TPP AMZTPP:PetuniaTutorial

From SPCTools

Revision as of 23:07, 16 December 2013; view current revision
←Older revision | Newer revision→
Jump to: navigation, search

Contents

Introduction

About Tutorial

This tutorial is written for anyone interested in extending available computational resources via Amazon Web Services in the Trans-Proteomics Pipeline. It will walk the user through the steps of using TPP's Petunia web interface to setup proper Amazon credentials and submit multiple searches on AWS. Readers should already familiar with the TPP's web interface and usage.

System Requirements and TPP Versions

In order to execute this tutorial you must have already installed TPP (version 4.6.3 or greater) on a Windows system. You may also need to install amztpp, the command line tool for managing Amazon Web Services resources used by TPP. Guides for installing both are available at:

Readers should also be aware that executing this tutorial will incur some AWS charges. The exact amount of these charges will vary based on usage but should be on the order of less that $1-$4 USD.

Tutorial

Step 1: Getting Your Amazon Credentials

In order for the TPP to have access to Amazon Web Services you must provide your AWS credentials confirm that you are who you say you are and that you do have permissions to do what you are trying to do. These credentials are known as Amazon's access and secret key. These keys are used to make secure REST or Query protocol requests to any AWS service API.

You can create new keys using the Amazon Security Credentials page. Your access keys are displayed under the Access Keys section in the Credentials Section of the page. Secret keys are now no longer displayed. If you've previously created a access/secret key pair and have forgotten what the secret key is you will need to generate a new key pair. For more information about setting up your AWS credentials please see Where's my secret access key?

Step 2: Registering Your Amazon Credentials in TPP

Log into Petunia web interface of TPP by double-clicking on the Trans-Proteomic Pipeline flower icon on your Desktop or through the Start menu. Alternatively, you can open a browser window into the following URL: http://localhost/tpp-bin/tpp_gui.pl . You can use the credentials guest and guest as user name and password to log in if this is a new TPP installation.

Once logged in click on Account > Cloud in the menu bar at the top of the page. This should take you to the clusters details form. Open the "Register Amazon EC2 Account" section if it isn't already open. In it are two form fields, one for your access key and one for your secret key. Cut & paste both values into the fields provided and click on the "Verify and Use Keys" button. If all goes well the page should be refreshed and you should see an additional status section added to the page containing details on your current Amazon Web Services.
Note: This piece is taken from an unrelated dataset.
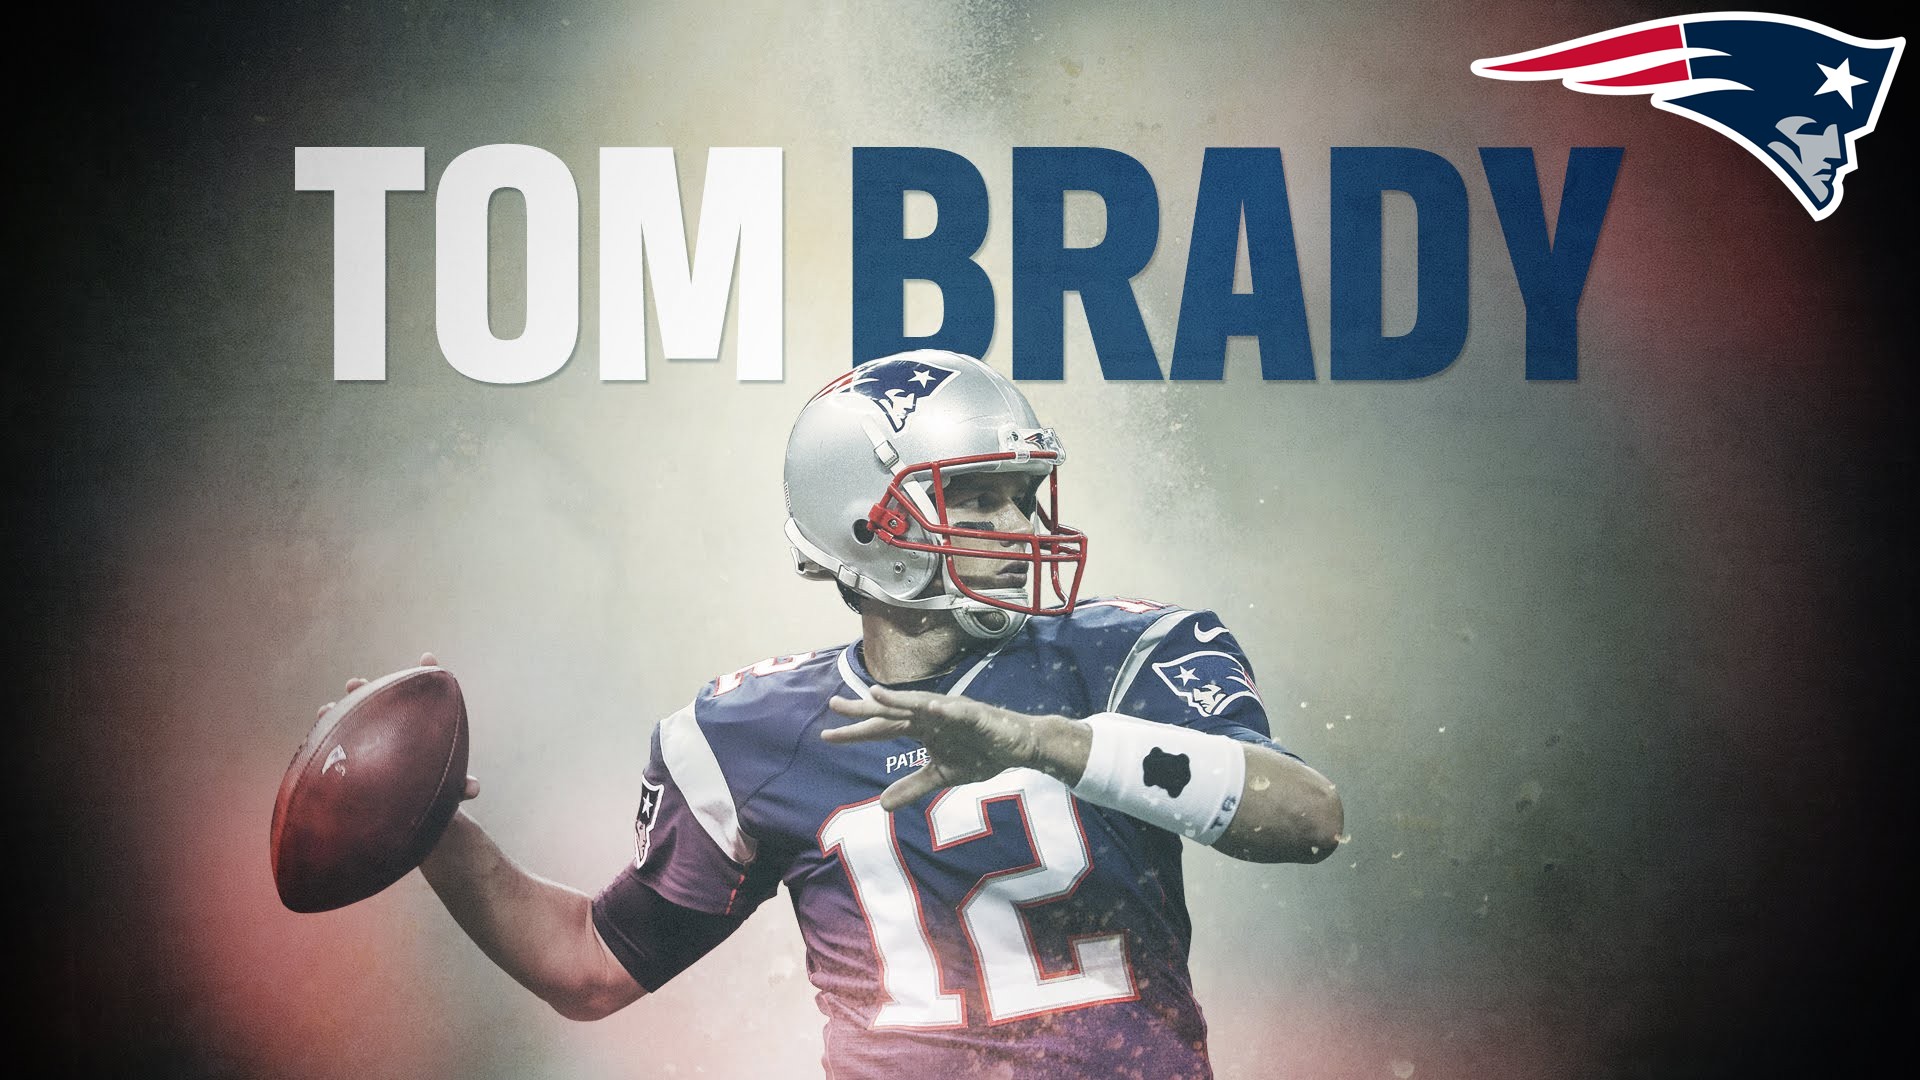 Wallpapers HD Tom Brady with resolution 1920x1080 pixel. You can make this wallpaper for your Mac or Windows Desktop Background, iPhone, Android or Tablet and another Smartphone device

Step 3: Download and install the tutorial data

For this tutorial we'll be using the same dataset used by the TPP tutorial. This is a SILAC-labeled Yeast dataset comprised of 2 runs on a high mass-accuracy Orbitrap instrument, along with a Yeast database appended with decoys. We also include a parameters files for inspect, tandem, myrimatch and omssa for MS/MS identification. You can install it by:

  • Downloading the mzML files, parameter files and database from Sourceforge (92.2Mb).
  • Unpack the demo archive using 7zip, Stuffit, unzip or a similar program and set the destination directory to be C:\Inetpub\wwwroot\ISB\data

If you've successfully installed the demo set you should have a new folder at C:\Inetpub\wwwroot\ISB\data\demoAMZTPP.

Please note that this tutorial assumes that you are running a default TPP installation on a Windows system; if you are using a different system, please adjust the parameters files and file locations accordingly.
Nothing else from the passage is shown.